The continued growth of the Internet, coupled with recent advances in Grid computing will make research collaboration far easier than ever before. This ease-of-use will lead to increased (if not complete) dependence on the underlying information infrastructure -- an infrastructure which is currently vulnerable to a wide variety of attacks. Among these attacks are Denial of Service attacks, aimed at exhausting resource availability.
Current protection methods include firewalls, selective applications, and proxies, all of which hinder collaboration by placing obstacles in the path of the collaborators, and are often antithetical to the mission of the institutions employing such measures.
Other methods include Intrusion Detection Systems, host-based or network-based, which are simply not designed to cope with extremely challenging environments.
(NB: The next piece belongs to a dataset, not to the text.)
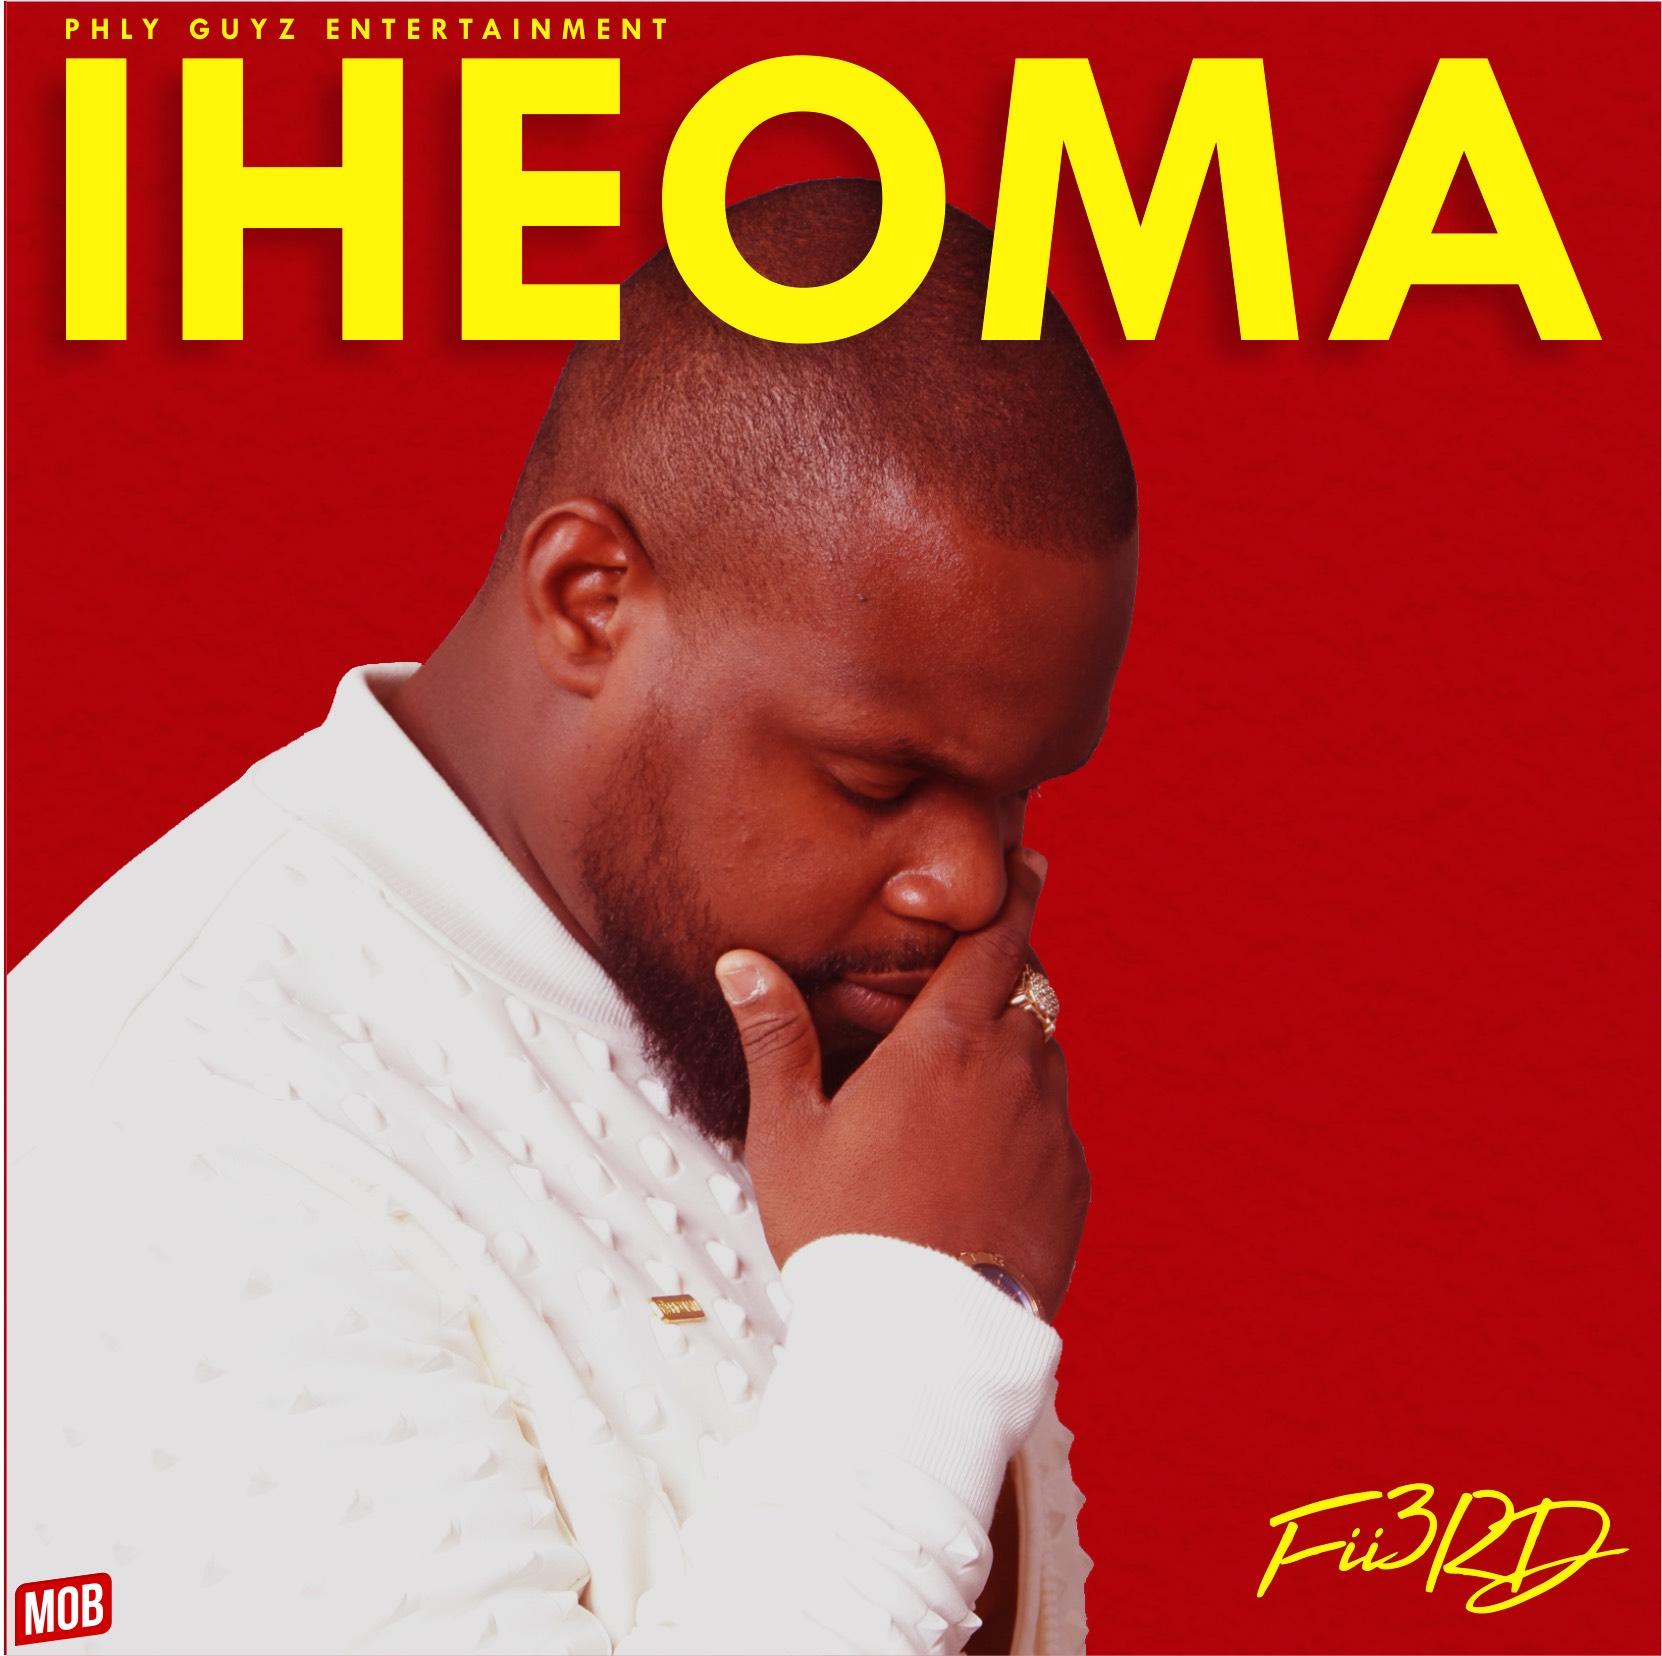 Fii3rd Music: Fii3rd – Iheoma Music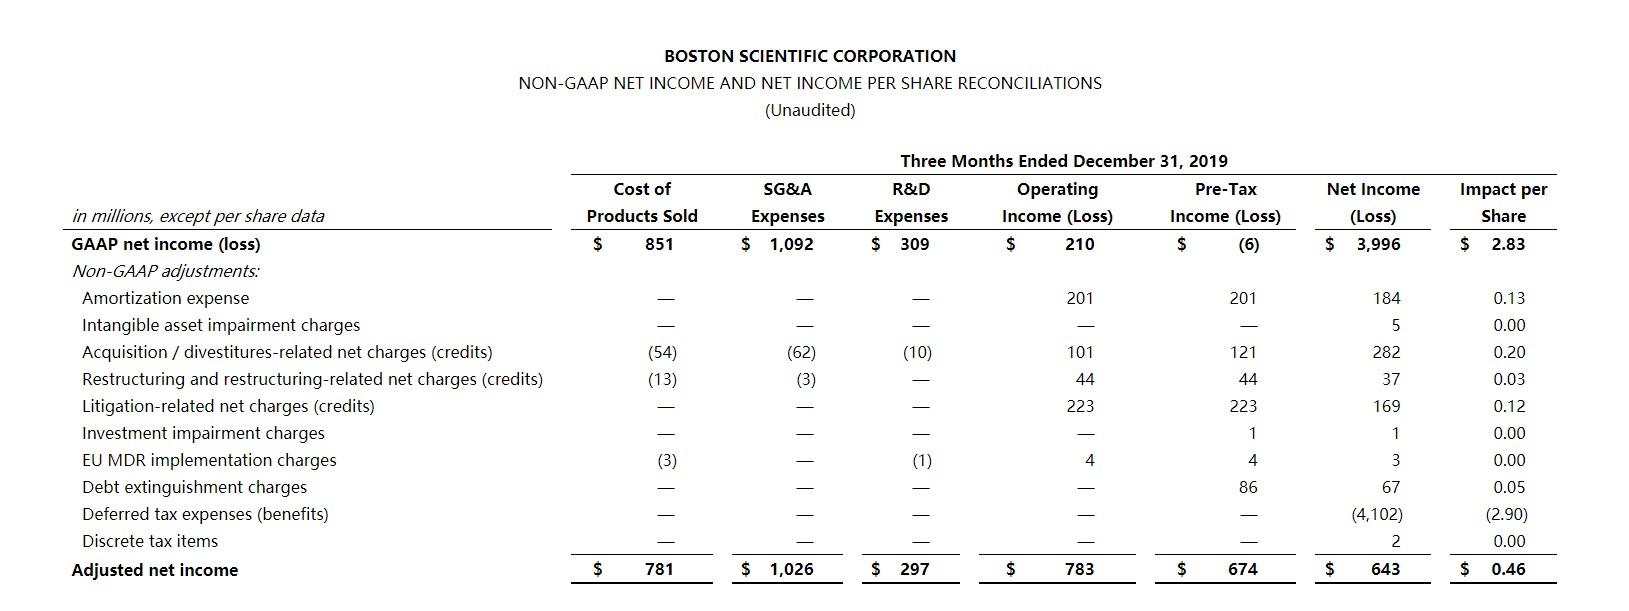 波士顿科学(BSX.US)Q4销售额受美国强劲增长的推动,同比增长13.4%至29.05亿美元

Most IDS systems are reactive in nature, and are not suitable for dynamic environments, relying instead on off-line decisions and resource-marshalling -- a scheme with potentially prohibitive overhead.
We are addressing this problem by developing a dynamic, collaborative defense infrastructure for detecting and responding to attacks. This framework will make use of sentinel machines sharing an Intrusion Assessment Information Base to collect and analyze data about the attack pattern, and to respond to the attack in real-time. Working together, these sentinels can marshall the necessary resources to contain the attack, minimizing damage and recovery costs.